According to the statement of facts provided to the court at his guilty plea, on January 15, 2005 Wilkins met with Nakie Harris, age 30, Sedrick Bowman, age 26, Isaac Smith, age 27, Jackie Brewington, age 20, Richard Royal, age 22 and Terrence Smith, age 25, all of Baltimore to discuss firebombing a home in retaliation for the owner of that residence reporting drug activity to the police and in an effort to prevent the owner from continuing to report drug activity. Brewington and others made molotov cocktails by emptying beer bottles, filling them with gasoline and inserting rags soaked with gasoline to serve as “wicks.” The defendants gathered at the home, where Bowman, Brewington and Royal each threw one of the molotov cocktails at the rear of the residence, while Nakie Harris and Isaac Smith threw molotov cocktails at the front of the house. Meanwhile, Andre Wilkins directed Shakia Watkins, age 20, of Baltimore to call the Baltimore City “911” operator to report a fictitious crime in order to divert police attention away from the area of the firebombing. Wilkins, serving as the getaway driver, parked his car in an alley near the site and drove the defendants from the scene.
Terrence Smith, Nakie Harris and Richard Royal were convicted after trial. Smith was sentenced to 80 years in prison. Harris and Royal were both sentenced to 60 years in prison. Prior to trial, Jackie Brewington, Isaac Smith and Sedrick Bowman pled guilty to witness tampering and use of fire and explosives to commit a felony. Isaac Smith was sentenced to 150 months in prison, Sedrick Bowman was sentenced to 15 years in prison and Jackie Brewington was sentenced to 212 months in prison. Shakia Watkins pled guilty to conspiracy to commit witness tampering and was sentenced to four years in prison.

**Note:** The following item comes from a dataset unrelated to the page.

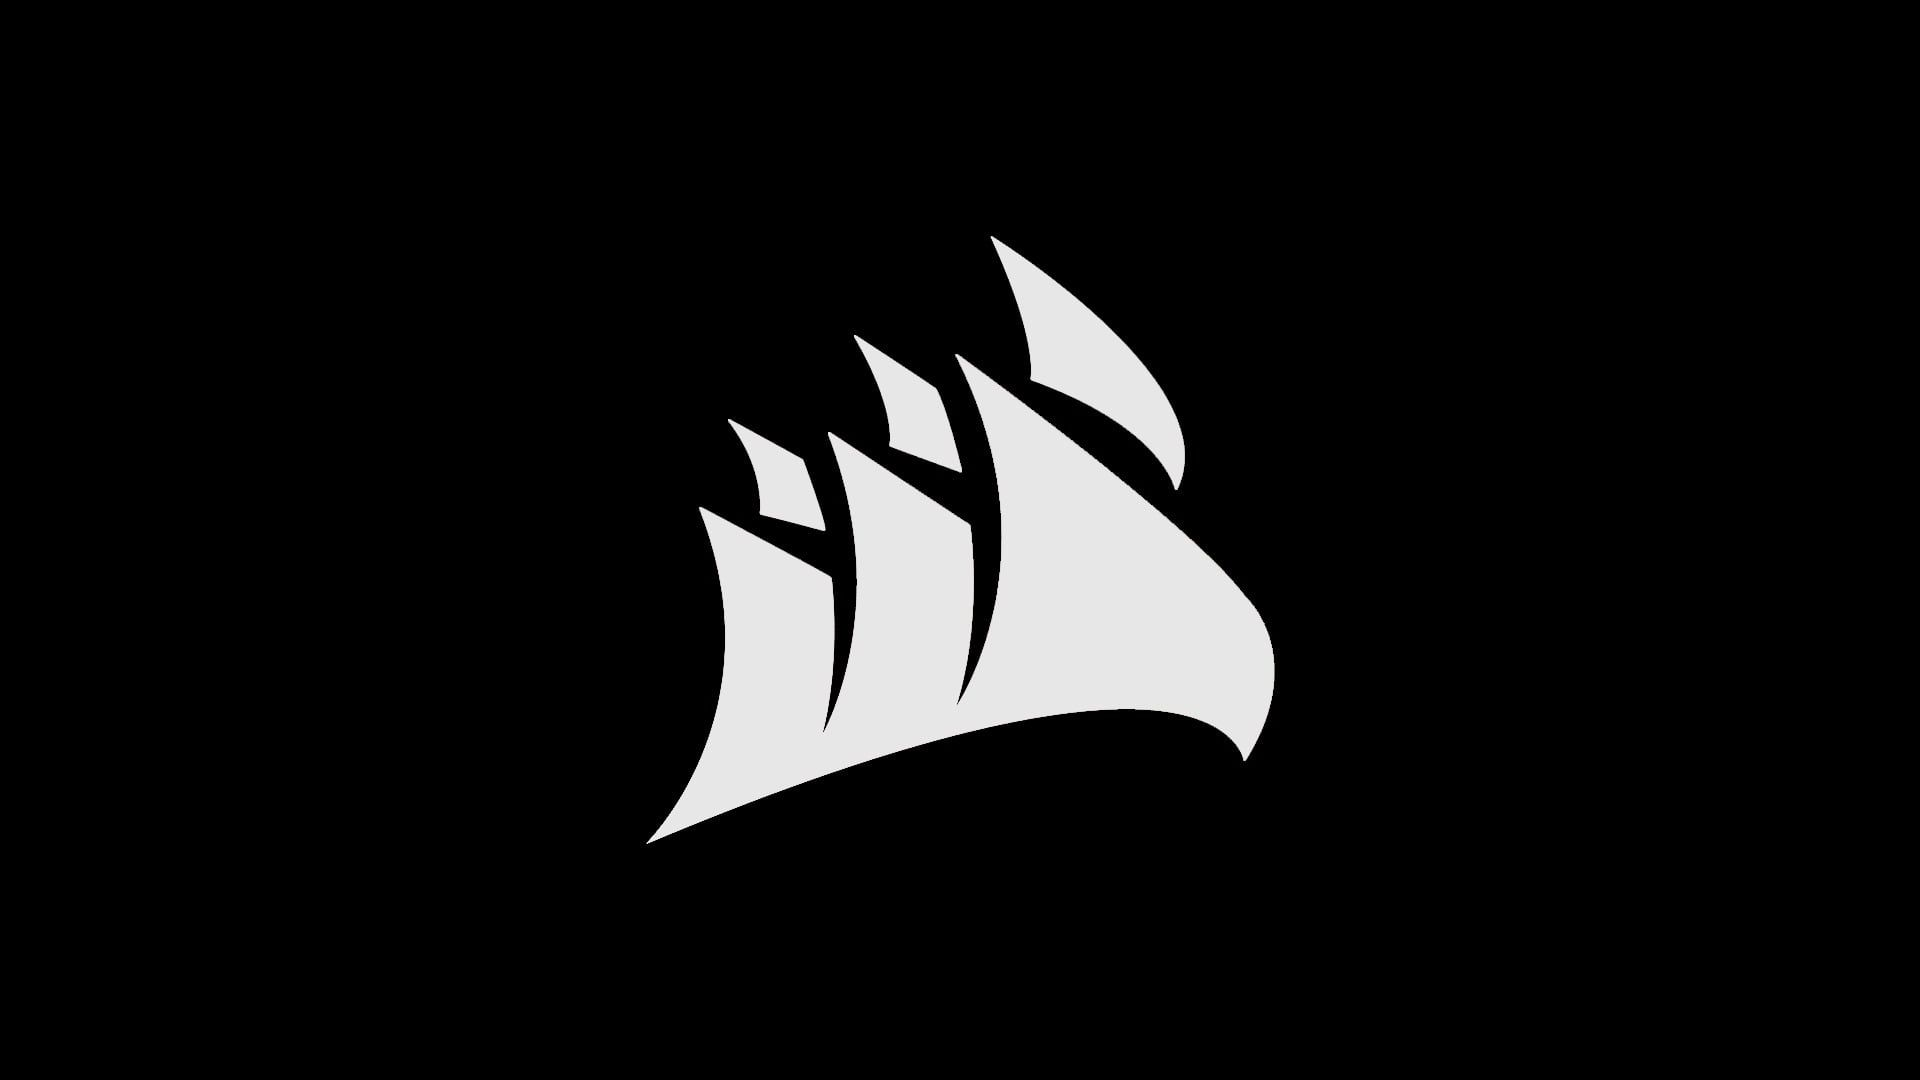 Gray Logo Corsair Pc Gaming Minimalism Monochrome 1080p Wallpaper Hdwallpaper Desktop In 2020 Monochrome Hd Wallpaper Digital Wallpaper
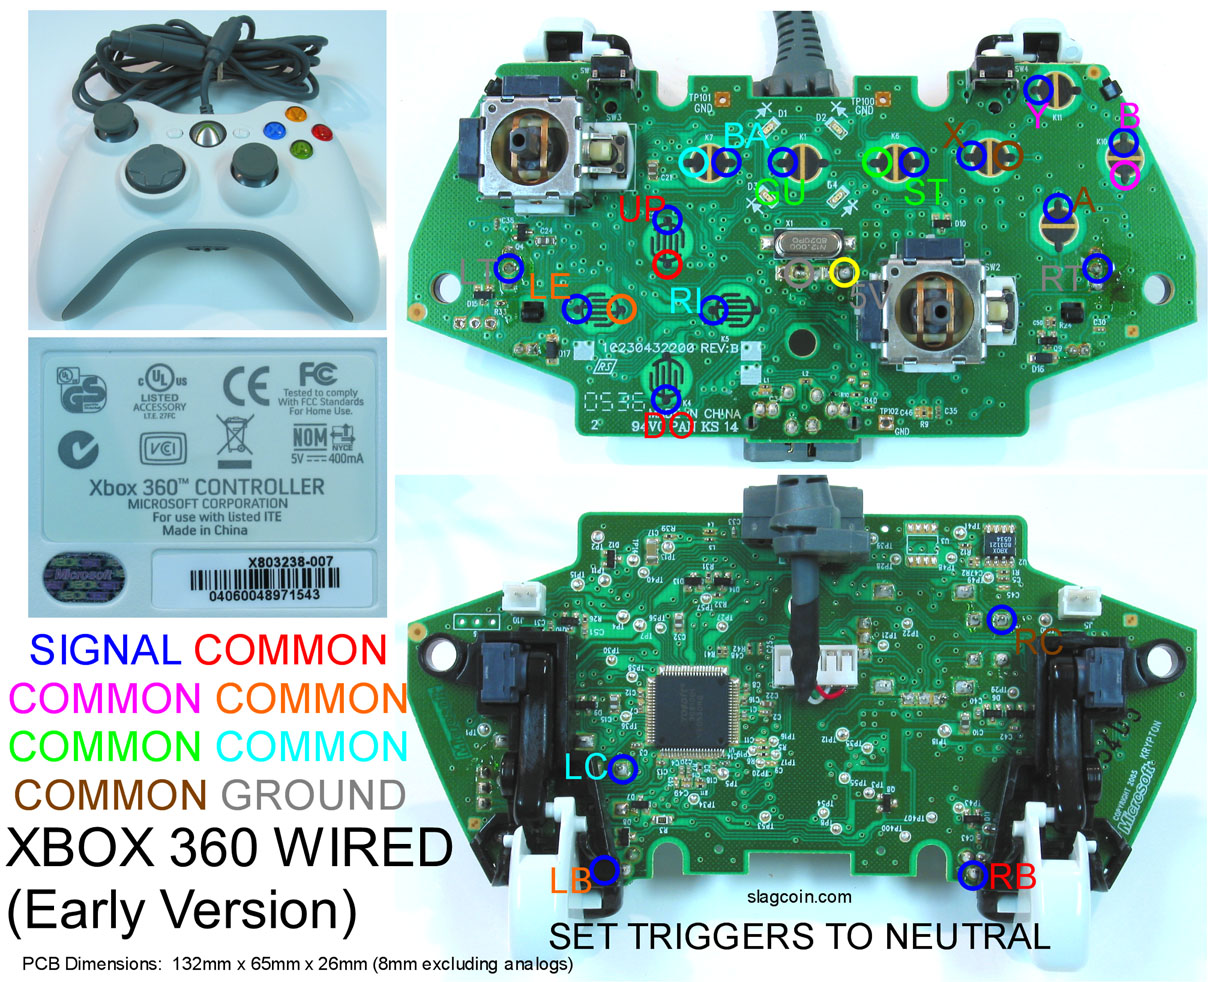 360 controller wiring diagrams ks 9901  wiring diagram moreover xbox 360 controller board diagram  wiring diagram moreover xbox 360

United States Attorney Rosenstein praised the investigative work performed by the Bureau of Alcohol, Tobacco, Firearms and Explosives; Baltimore City Fire Department; Baltimore City Police Department; and the Baltimore City State’s Attorney’s Office. Mr. Rosenstein commended Assistant U.S. Attorneys A. David Copperthite and Kwame J. Manley, who prosecuted the case.